[[ Records for the exercise, beginning ]]

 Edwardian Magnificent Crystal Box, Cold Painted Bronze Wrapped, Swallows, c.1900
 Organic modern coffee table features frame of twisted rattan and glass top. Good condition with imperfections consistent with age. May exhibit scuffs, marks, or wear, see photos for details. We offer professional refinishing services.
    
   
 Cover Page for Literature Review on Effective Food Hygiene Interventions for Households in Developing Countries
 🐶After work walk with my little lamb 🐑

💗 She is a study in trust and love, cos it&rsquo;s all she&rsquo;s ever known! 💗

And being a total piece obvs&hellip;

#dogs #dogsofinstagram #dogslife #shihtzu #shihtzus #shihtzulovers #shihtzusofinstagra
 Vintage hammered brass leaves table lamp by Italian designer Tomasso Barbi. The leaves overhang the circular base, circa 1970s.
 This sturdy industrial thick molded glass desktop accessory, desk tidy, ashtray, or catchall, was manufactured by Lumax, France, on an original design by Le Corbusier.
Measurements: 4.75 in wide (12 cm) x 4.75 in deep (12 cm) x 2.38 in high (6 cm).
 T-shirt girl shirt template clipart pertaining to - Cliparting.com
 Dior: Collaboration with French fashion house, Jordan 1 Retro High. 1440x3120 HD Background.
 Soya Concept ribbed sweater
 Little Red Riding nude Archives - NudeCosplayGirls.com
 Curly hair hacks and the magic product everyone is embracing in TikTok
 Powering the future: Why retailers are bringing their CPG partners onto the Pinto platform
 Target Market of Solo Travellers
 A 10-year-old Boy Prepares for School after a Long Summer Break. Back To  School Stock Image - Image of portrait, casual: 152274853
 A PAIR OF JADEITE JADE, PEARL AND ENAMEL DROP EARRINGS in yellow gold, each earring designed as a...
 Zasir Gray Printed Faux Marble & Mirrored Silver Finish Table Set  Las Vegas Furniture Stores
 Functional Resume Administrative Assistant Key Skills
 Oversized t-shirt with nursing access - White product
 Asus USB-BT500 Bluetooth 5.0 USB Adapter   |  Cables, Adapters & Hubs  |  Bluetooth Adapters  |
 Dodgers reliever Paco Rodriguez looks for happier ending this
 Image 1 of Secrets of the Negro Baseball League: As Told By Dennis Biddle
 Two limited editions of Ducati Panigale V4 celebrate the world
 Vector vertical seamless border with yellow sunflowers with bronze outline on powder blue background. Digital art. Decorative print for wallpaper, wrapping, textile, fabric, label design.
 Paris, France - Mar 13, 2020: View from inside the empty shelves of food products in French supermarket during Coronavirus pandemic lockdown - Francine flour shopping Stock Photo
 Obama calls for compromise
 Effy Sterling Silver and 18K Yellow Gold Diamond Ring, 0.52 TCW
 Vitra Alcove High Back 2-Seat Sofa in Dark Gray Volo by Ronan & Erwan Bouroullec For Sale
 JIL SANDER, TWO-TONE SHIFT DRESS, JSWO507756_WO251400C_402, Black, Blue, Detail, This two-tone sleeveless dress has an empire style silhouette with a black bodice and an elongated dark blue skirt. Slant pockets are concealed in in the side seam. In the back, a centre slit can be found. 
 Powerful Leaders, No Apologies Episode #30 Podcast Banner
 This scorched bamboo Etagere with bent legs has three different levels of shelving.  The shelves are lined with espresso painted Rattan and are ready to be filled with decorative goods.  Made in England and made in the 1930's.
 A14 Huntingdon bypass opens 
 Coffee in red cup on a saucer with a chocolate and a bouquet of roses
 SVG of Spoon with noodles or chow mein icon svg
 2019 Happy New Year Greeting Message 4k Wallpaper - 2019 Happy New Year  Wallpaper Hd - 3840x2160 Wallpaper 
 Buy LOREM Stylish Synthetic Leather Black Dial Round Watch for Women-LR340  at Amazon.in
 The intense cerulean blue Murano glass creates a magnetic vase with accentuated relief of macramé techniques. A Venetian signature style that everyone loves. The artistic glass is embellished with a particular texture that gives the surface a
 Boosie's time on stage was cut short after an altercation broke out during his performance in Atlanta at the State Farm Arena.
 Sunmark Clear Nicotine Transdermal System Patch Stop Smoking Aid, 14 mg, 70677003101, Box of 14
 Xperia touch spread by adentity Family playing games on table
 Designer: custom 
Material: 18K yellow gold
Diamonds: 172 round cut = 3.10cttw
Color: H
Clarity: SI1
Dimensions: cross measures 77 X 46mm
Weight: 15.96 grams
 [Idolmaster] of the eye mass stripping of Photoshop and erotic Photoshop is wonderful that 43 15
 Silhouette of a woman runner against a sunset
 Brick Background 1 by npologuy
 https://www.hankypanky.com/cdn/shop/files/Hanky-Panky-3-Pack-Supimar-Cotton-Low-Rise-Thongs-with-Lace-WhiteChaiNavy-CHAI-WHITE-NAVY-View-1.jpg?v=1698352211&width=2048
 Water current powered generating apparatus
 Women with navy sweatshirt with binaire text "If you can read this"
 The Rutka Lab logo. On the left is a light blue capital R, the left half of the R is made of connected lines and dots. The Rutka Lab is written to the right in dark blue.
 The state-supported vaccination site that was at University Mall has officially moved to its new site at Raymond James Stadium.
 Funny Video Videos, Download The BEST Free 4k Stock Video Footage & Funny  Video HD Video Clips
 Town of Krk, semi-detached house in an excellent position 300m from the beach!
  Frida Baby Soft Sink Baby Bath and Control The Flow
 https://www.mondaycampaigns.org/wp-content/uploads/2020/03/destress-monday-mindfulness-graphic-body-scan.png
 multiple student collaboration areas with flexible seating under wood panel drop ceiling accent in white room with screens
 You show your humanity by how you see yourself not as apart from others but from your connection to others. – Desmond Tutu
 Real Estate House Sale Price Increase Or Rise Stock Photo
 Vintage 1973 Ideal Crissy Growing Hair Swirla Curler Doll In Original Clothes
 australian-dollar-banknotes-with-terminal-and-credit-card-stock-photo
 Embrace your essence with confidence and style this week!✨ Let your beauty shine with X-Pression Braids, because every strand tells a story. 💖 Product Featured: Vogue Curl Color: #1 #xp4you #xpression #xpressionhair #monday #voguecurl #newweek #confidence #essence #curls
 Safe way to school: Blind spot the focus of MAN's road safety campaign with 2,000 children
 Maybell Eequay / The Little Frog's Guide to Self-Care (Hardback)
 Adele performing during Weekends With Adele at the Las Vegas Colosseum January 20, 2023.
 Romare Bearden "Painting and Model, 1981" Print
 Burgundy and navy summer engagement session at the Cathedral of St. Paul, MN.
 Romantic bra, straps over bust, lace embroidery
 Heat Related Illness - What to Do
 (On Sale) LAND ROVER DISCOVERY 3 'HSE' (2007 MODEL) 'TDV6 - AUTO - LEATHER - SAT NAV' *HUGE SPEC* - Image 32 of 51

[[ Records for the exercise, end ]]

**Work item:** The answer must consist of each line from the entries that contains the string "Gray".

**Response to the exercise:**
 Zasir Gray Printed Faux Marble & Mirrored Silver Finish Table Set  Las Vegas Furniture Stores
 Vitra Alcove High Back 2-Seat Sofa in Dark Gray Volo by Ronan & Erwan Bouroullec For Sale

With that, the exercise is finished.